Though the recent men’s collections told us that logos are alive and well (hello, Louis Vuitton), there’s a growing awareness about the rise of anonymous, unbranded clothes. Petar Petrov is a proponent of just such sartorial understatement. He flies further under the radar than many designers, living and working in Vienna, and opting for off-season lookbook reveals rather than fashion-week runway shows, but his is a name to know. He manages the timeless/timely divide with assurance.
Take his tailoring. This season’s hero suit, a jacket, waistcoat, and long skirt combo, comes in a striking burnt orange shade and its jacket is collarless. It’s bold but far from garish.
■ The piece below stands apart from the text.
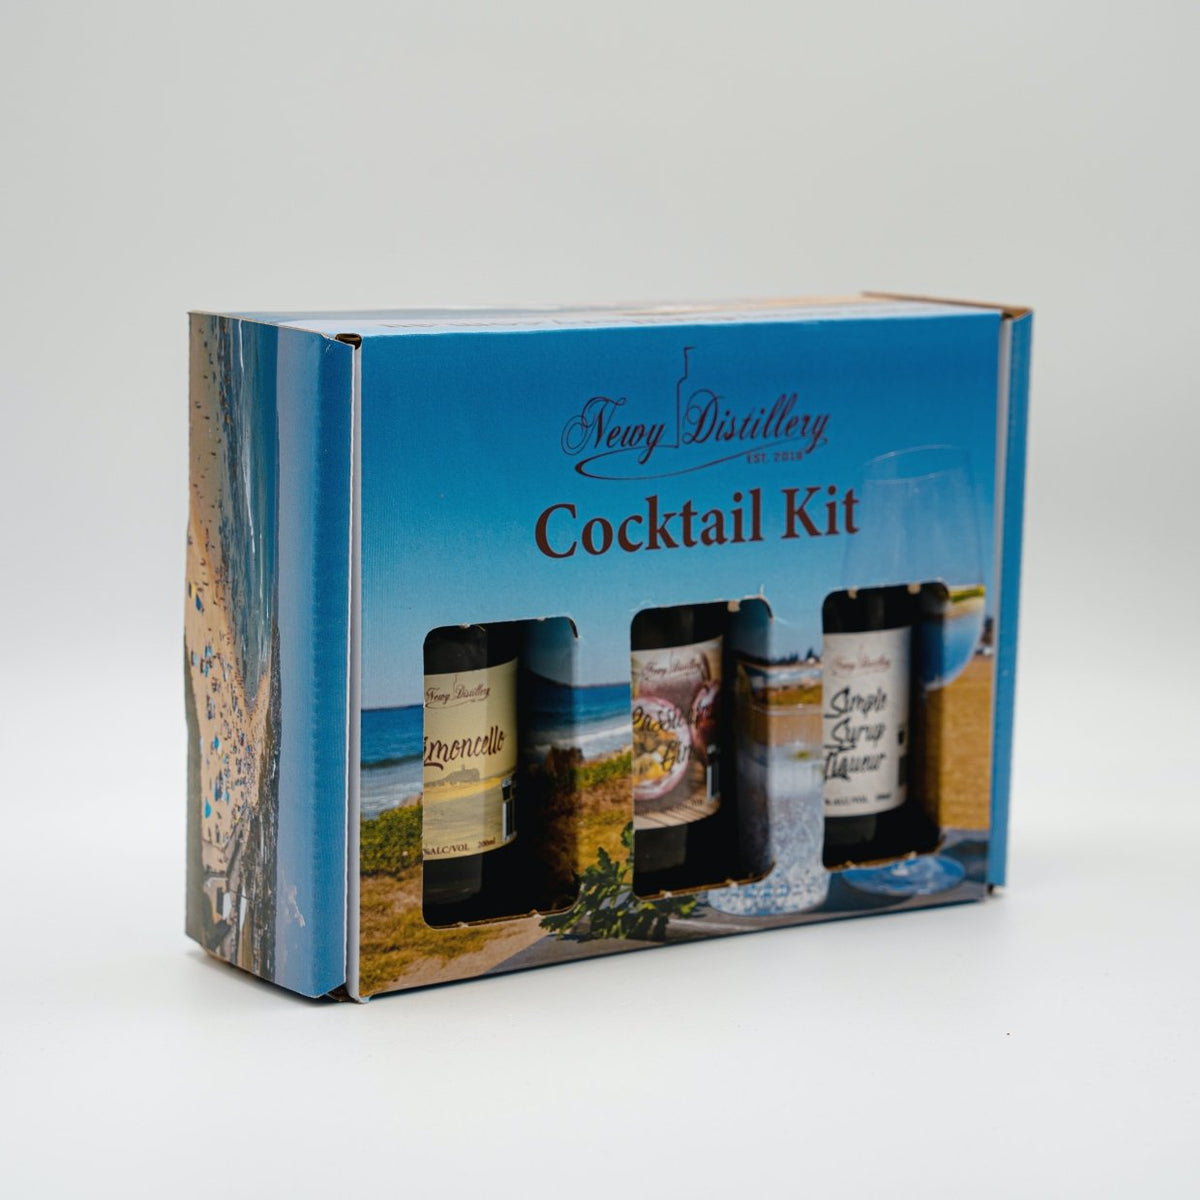 Cocktail-Kit Gift Box – Litchfield Distillery

The uptick in interest in logo-less fashion stems in part from an increasing sense that excess is outré. Chalk that up to global warming, to the ridiculous Y2K trend, to the fact that we’re living through a new gilded age of gross inequality, to whatever. The tide is definitely turning, but minimalism’s recent converts aren’t ready to give up the finer things entirely.
That’s why subtlety like Petrov’s works at this moment. For the office, there’s an excellent shirt dress with discreet shaping through the waist, and for evening there’s a gorgeous gold lamé dress smocked from neckline to the mid-thighs, then fluid to the ankles, that has to be the most sensual yet easiest look of the resort season. This collection definitely has a sexy streak, as seen in the stretch leather biker shorts and a version of the jacket-and-panties outfit that has become a thing on the runway, the red carpet, and now even the street.
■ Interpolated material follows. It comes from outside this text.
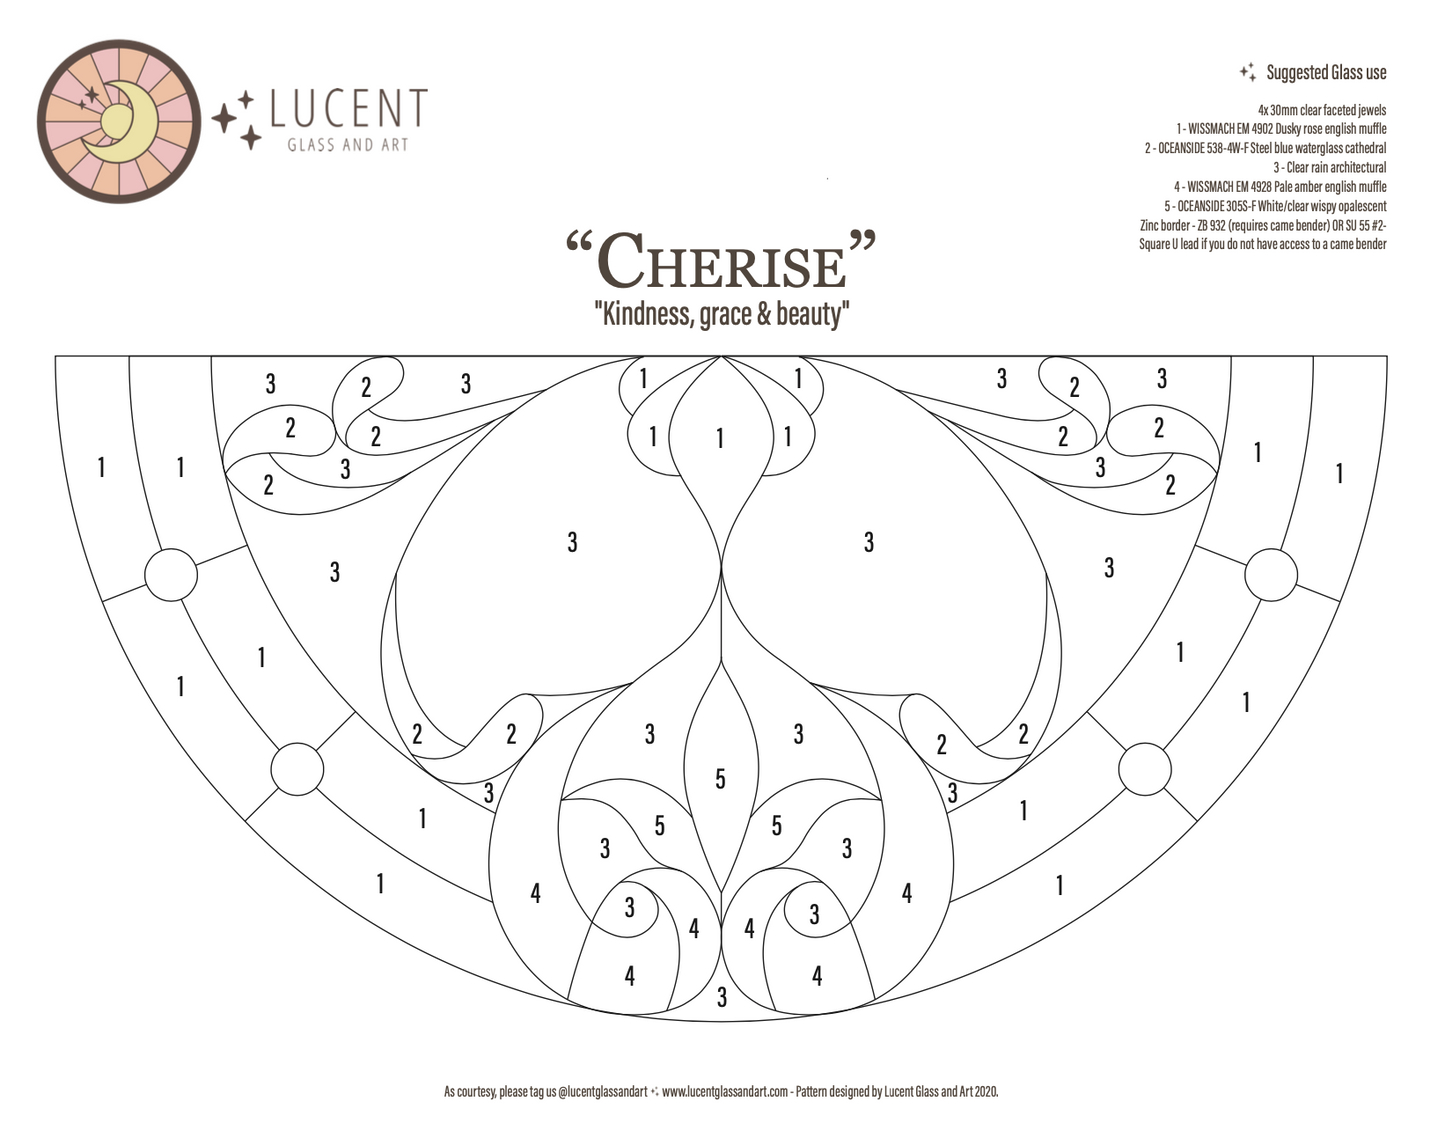 "Cherise" PDF stained glass pattern

“Every time I work on a collection, I’m thinking what’s relevant for me now? What do I feel is really interesting?” Petrov said in Paris, where he was doing showroom appointments. In the end, the collection was equal parts structure and slink. The jackets’ strong shoulders were reproduced on t-shirt dresses, whereas draped jersey numbers cowled at the neckline or ruched to accentuate the waist.